Your output should be everything below from the line containing "The Star Inn - Image 5 - UK Tourism Online" down to the line containing "MACH3 Turbo 3D", both ends included, copied exactly, with pictures left out.

PROVIDED MATERIAL
* * * * * * * * *
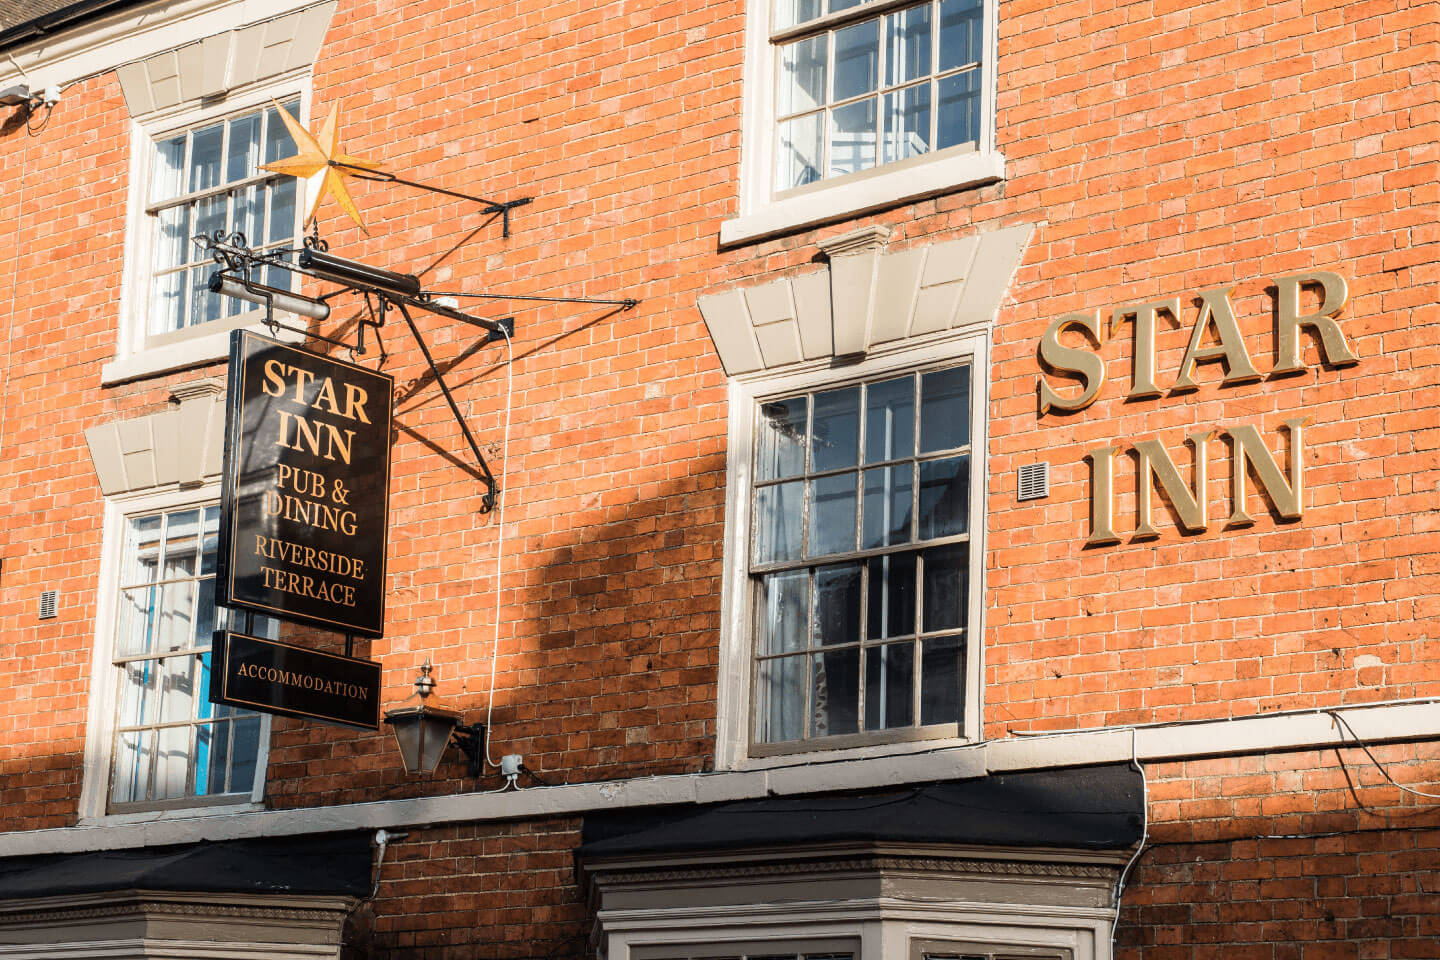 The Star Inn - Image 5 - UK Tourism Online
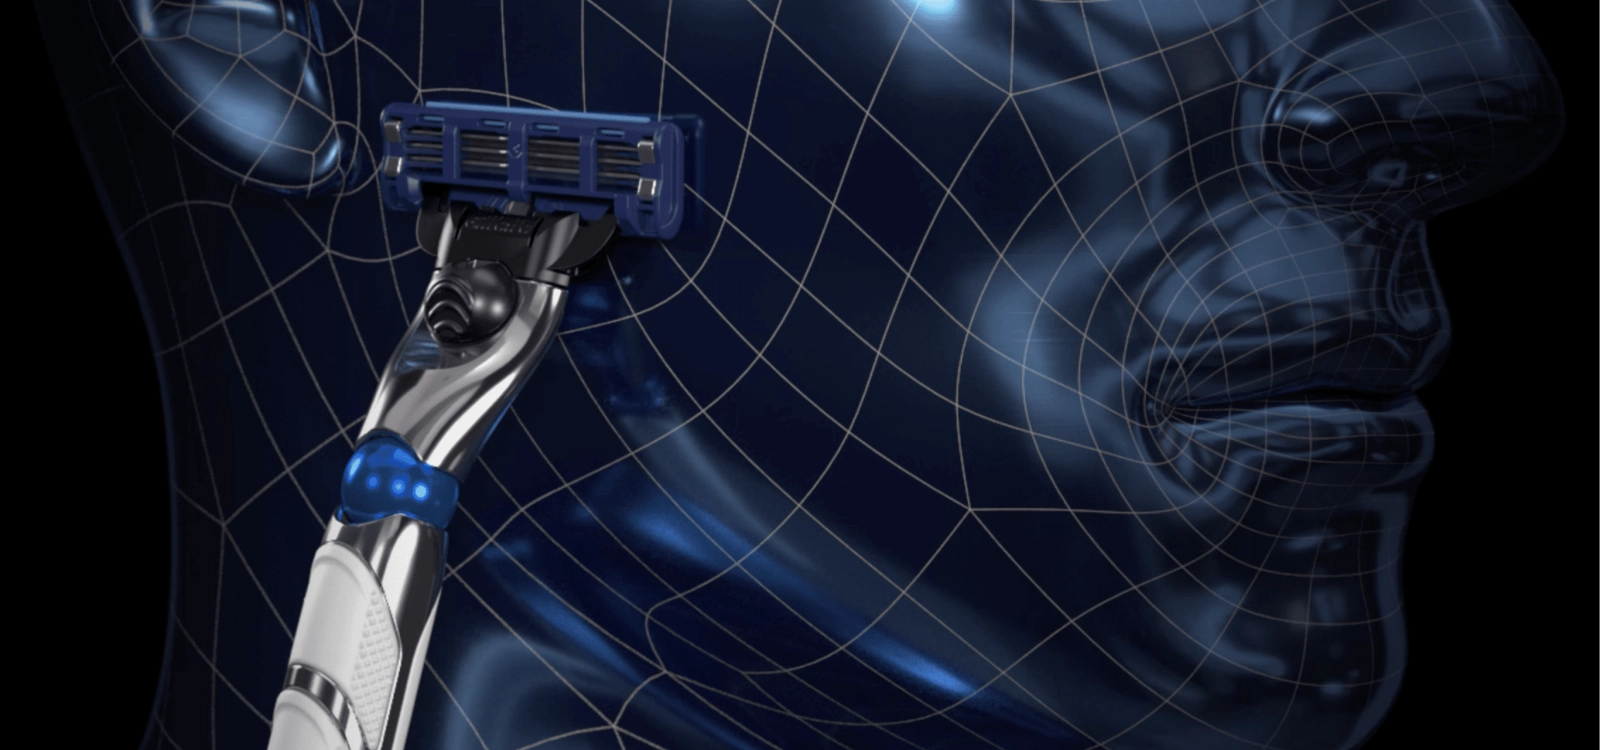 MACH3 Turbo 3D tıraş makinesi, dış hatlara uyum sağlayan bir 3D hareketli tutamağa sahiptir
* * * * * * * * *
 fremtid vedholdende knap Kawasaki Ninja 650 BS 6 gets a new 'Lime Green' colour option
* * * * * * * * *
SOLUTION TO THIS TASK
 The Star Inn - Image 5 - UK Tourism Online
 MACH3 Turbo 3D tıraş makinesi, dış hatlara uyum sağlayan bir 3D hareketli tutamağa sahiptir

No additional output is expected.